• Data section:

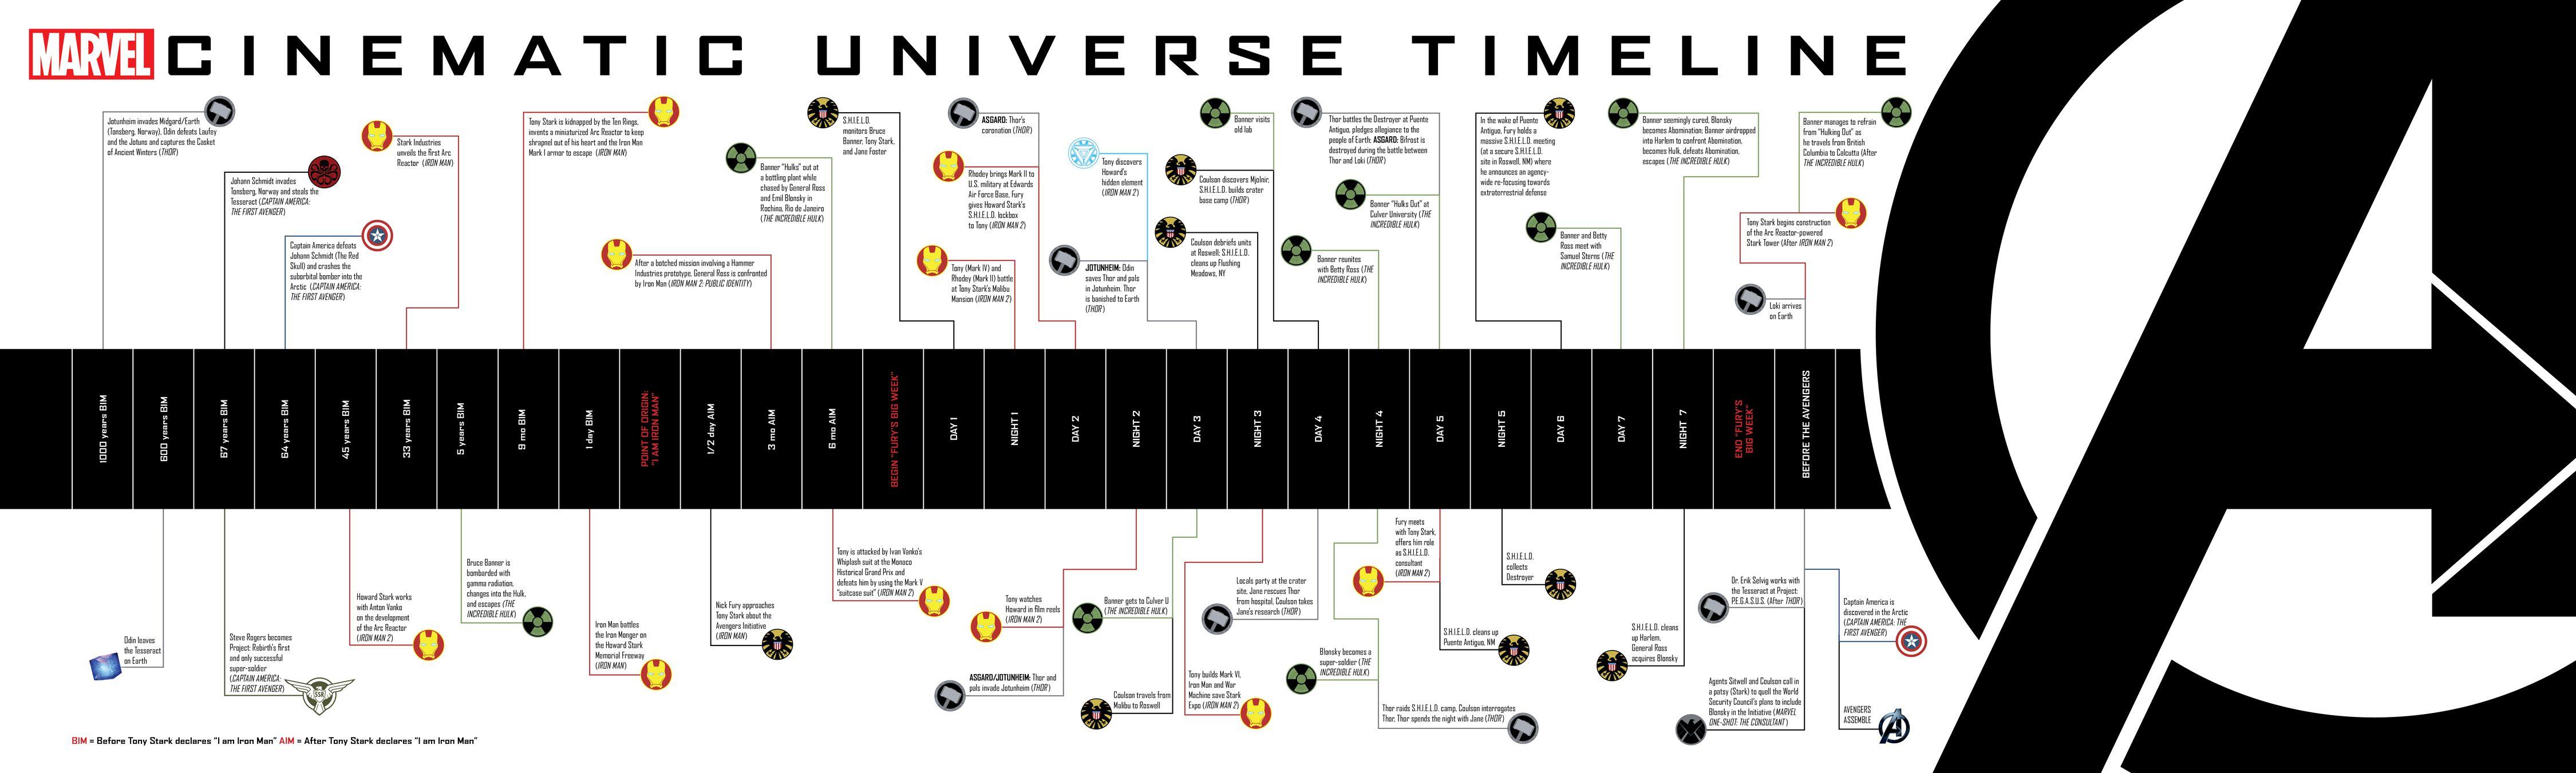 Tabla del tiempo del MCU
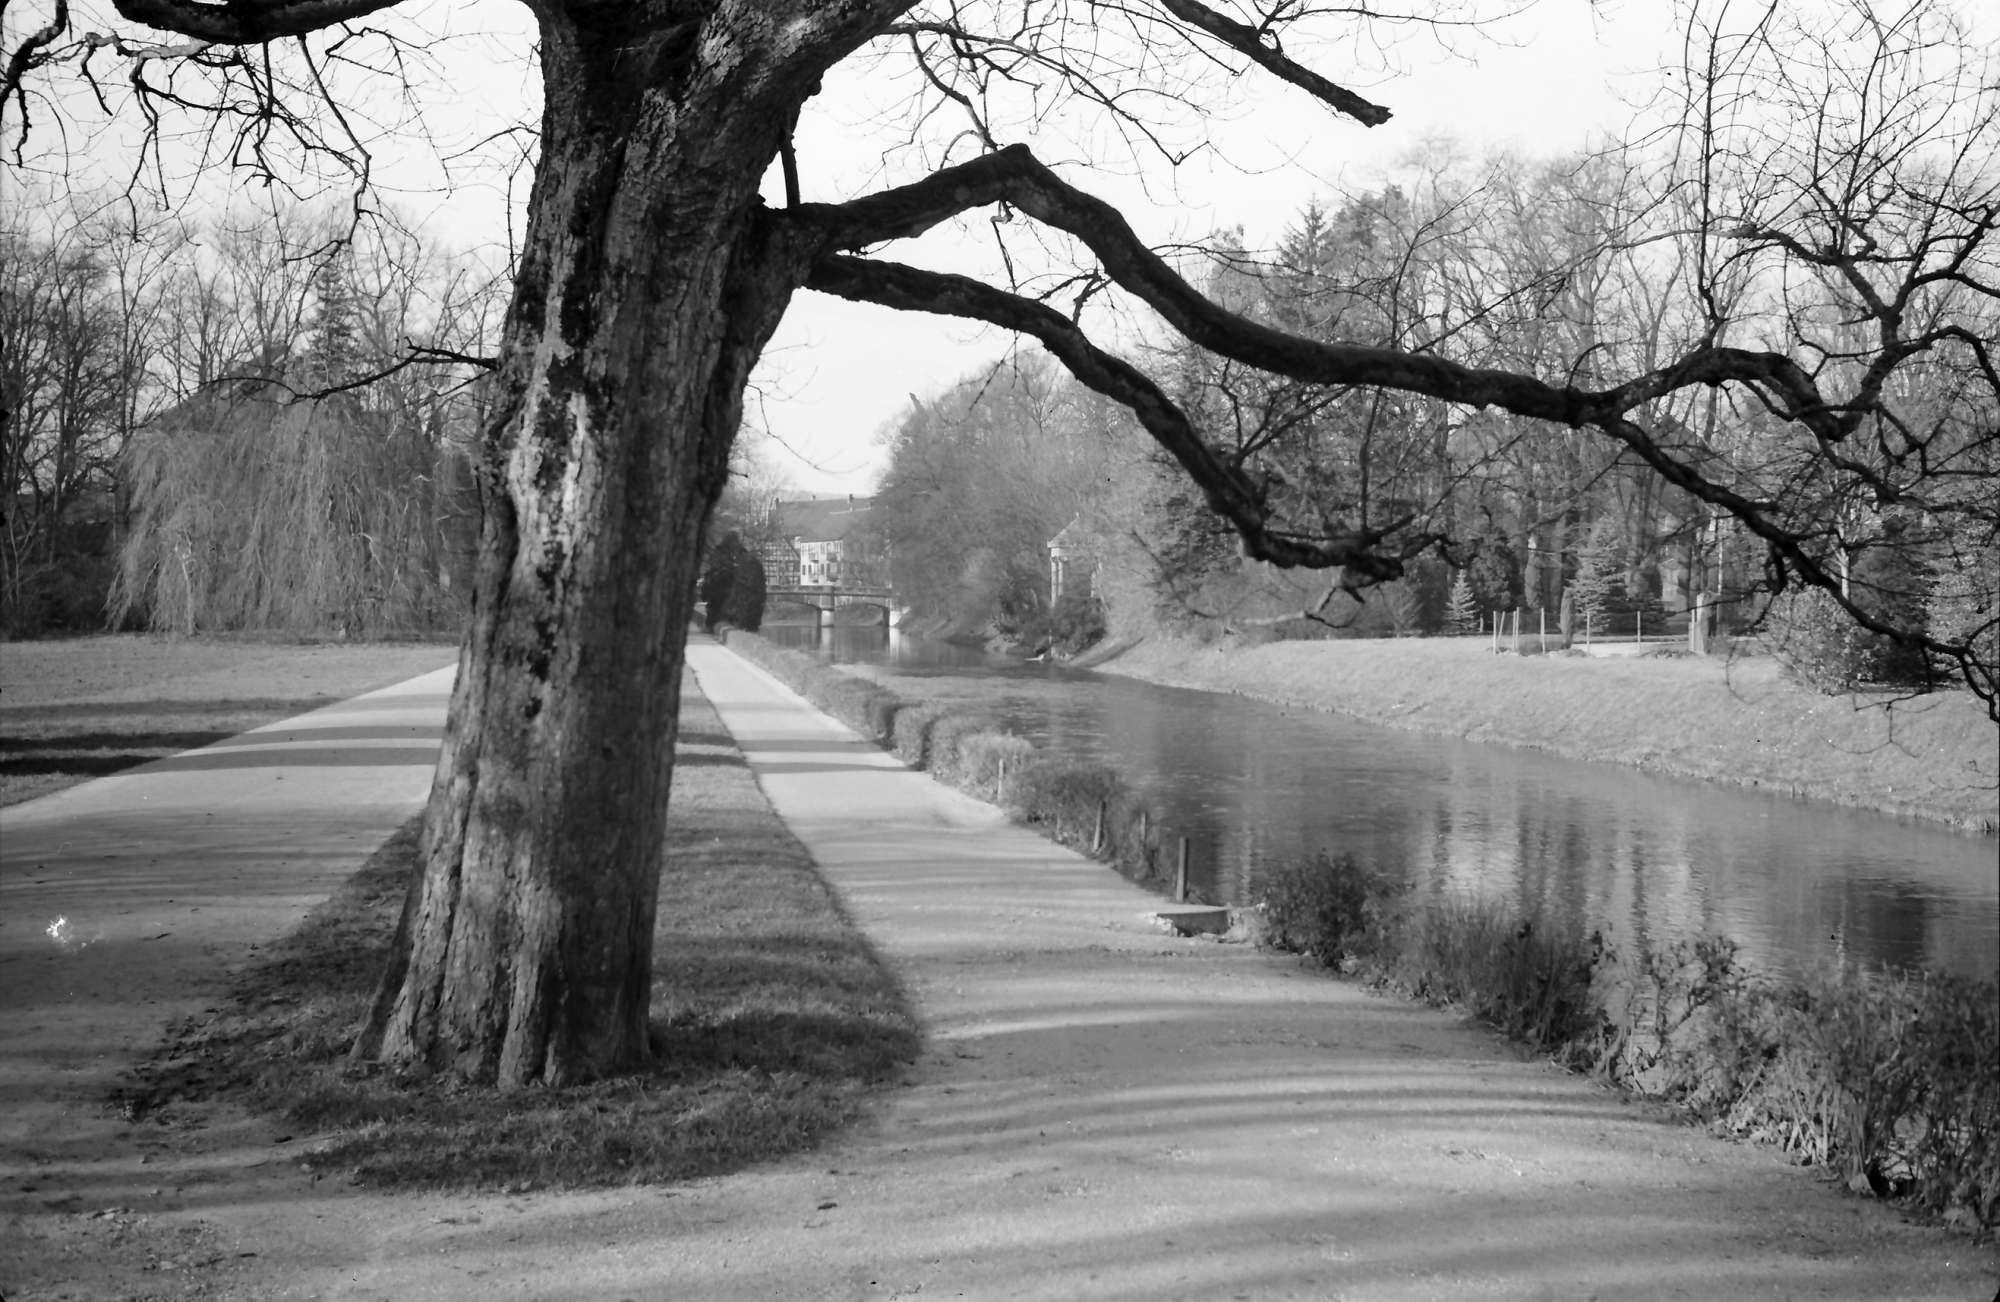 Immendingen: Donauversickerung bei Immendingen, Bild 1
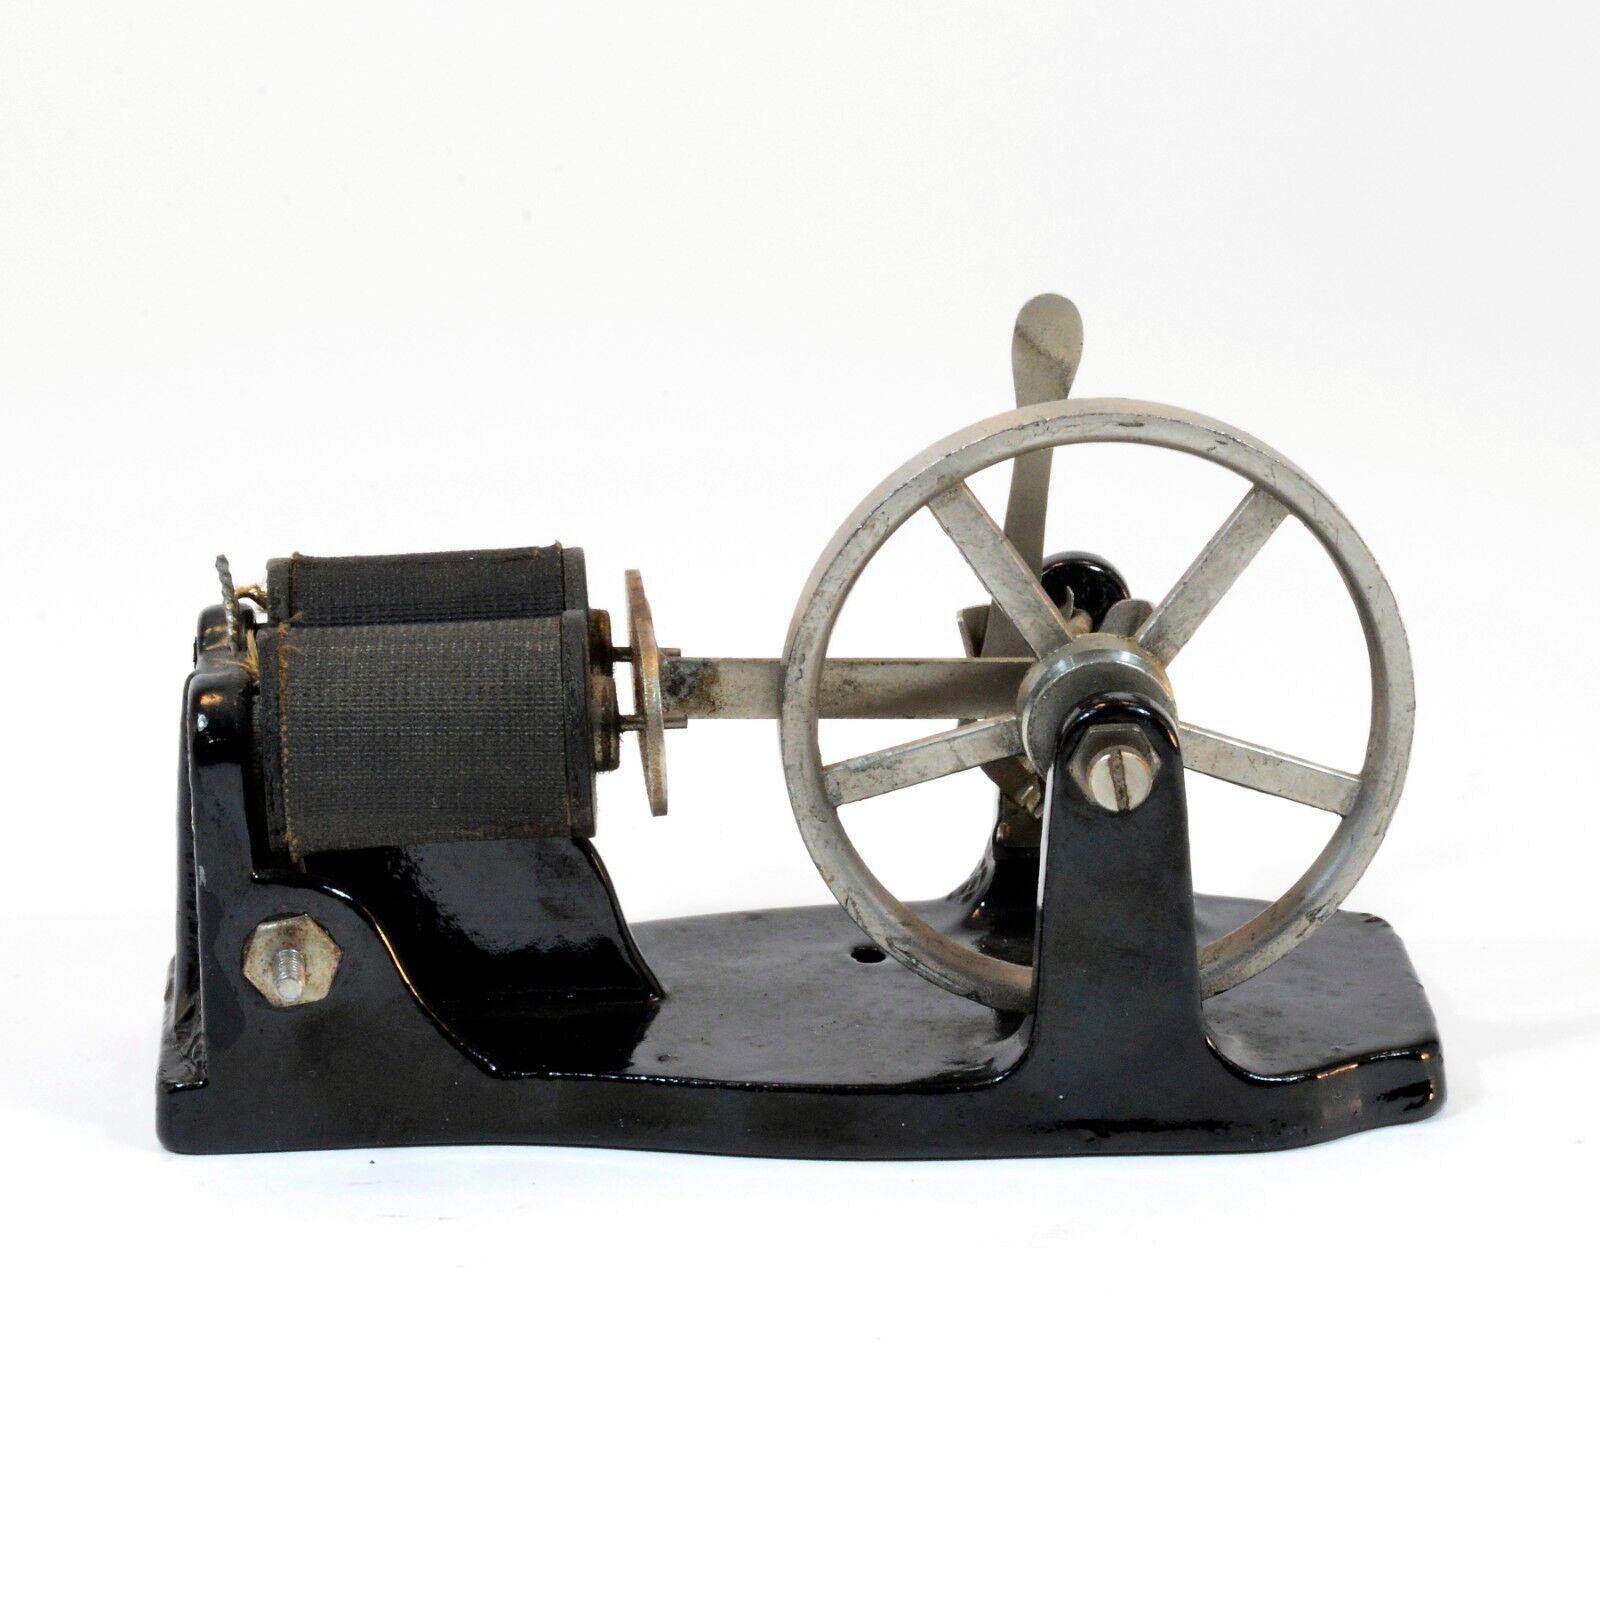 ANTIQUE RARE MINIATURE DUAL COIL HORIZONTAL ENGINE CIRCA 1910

• Task details:
Could you give the listing again exactly, minus its pictures?

• Response to this task:
 Tabla del tiempo del MCU
 Immendingen: Donauversickerung bei Immendingen, Bild 1
 ANTIQUE RARE MINIATURE DUAL COIL HORIZONTAL ENGINE CIRCA 1910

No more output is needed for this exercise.